Tom McCahill is the major inventor you need to know of. In fact, you wouldn’t’ve even known about the road-test benchmark without the guy. It’s straightforward: how many seconds pass when you drive from zero to sixty miles per hour? It’s a heavy-hitting fact is often mentioned in automotive advertisements. Though this is prominent, there usually remain no other figures. Quarter-mile times are not in any way as significant. The top speed resonates with a true car-connoisseur. So then where did it come from?
Why did Tom McCahill create this?
It was because of a published article in the February 1946 issue of Mechanix Illustrated. In it, McCahill illustrated the vibrancy of any car with a fail-safe 0-to-60 time frame. There was no fearful bone in Tom McCahill. He was a true go-getter with words-a-plenty.

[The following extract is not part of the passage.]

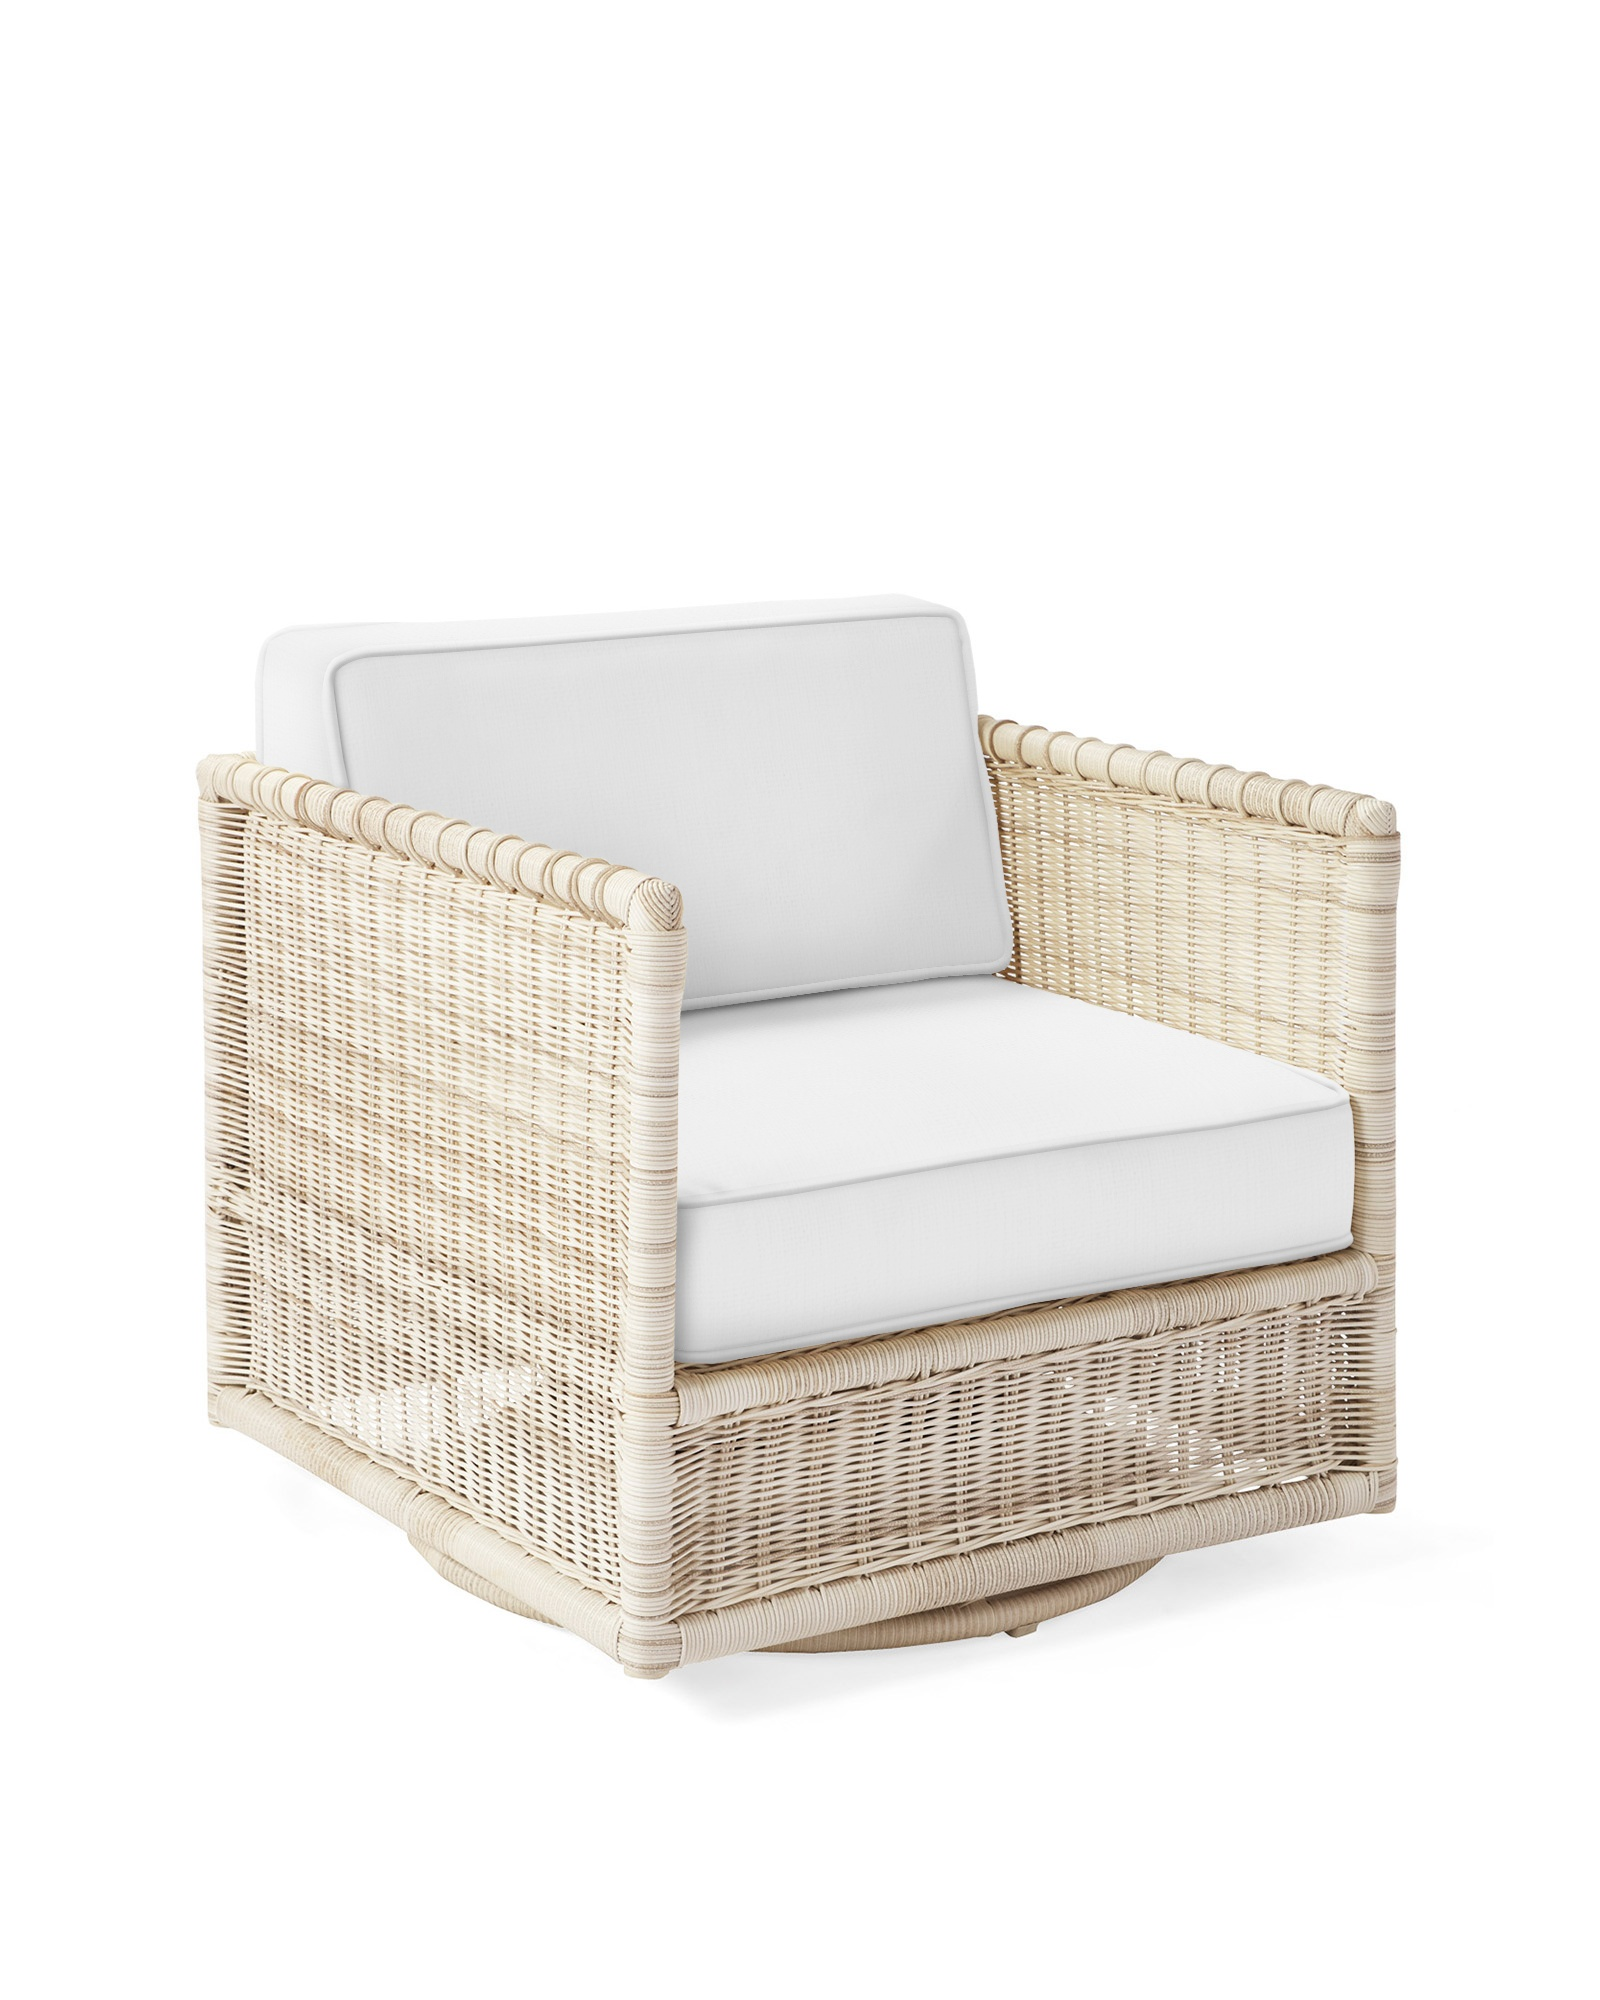 Pacifica Swivel Chair - Driftwood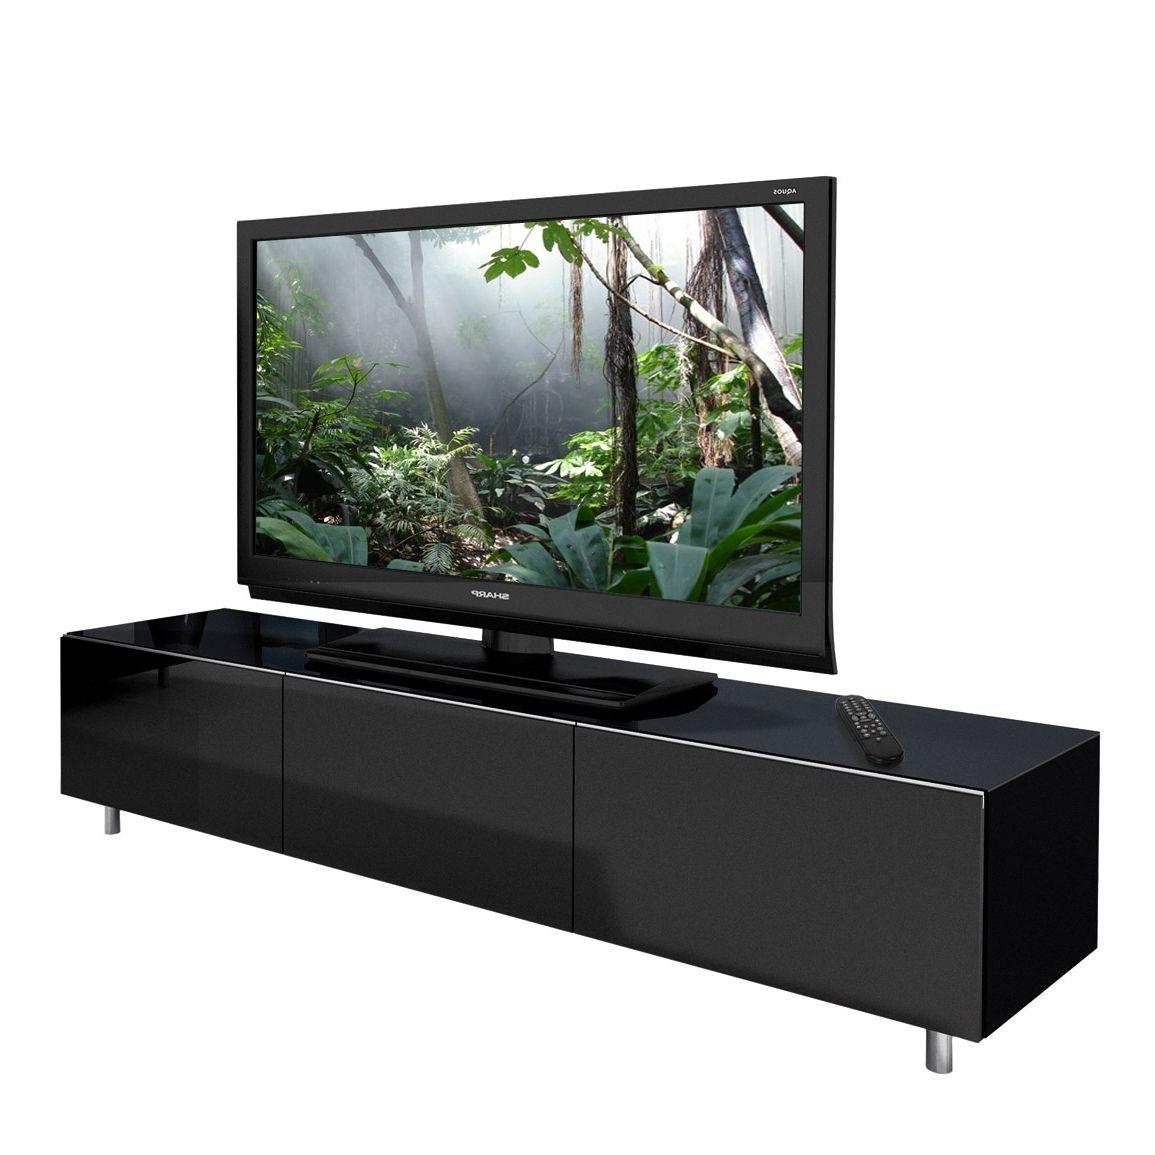 Long Black Gloss Tv Unit | Tv stand wood, Tv stand, Black tv cabinet

Tom McCahill was around cars all his life. When he was young, his dad would manage a Mercedes dealership. At fourteen years of age, Tom McCahill was the proud owner of an Old Winton. He would eventually sell for Marmon and open a garage in 1930s Manhattan. Later on, another in Palm Beach, specific to exotic models. When the Great Depression put a big stinker, Tom McCahill would churn out storytelling for various publications.
When life started going into a bit of a longer flow, Tom McCahill revolutionized publishing by testing out cars and giving unadulterated reviews of each model. He would borrow a vehicle, posing as a photographer and test the vehicle quickly, with little to no one ever being the wiser. You can even undrstand that Tom McCahill was one of the few reporters that ever got to drive Preston Tucker’s infamous vehicle. Quote, “The best-performing automobile in America by far,” un-quote. In his golden age, Tom had tested over 600 vehicles and created a hearth of fast fans, who to this day still believe a car’s only as good as the time it takes to punch it to half of 120 mph.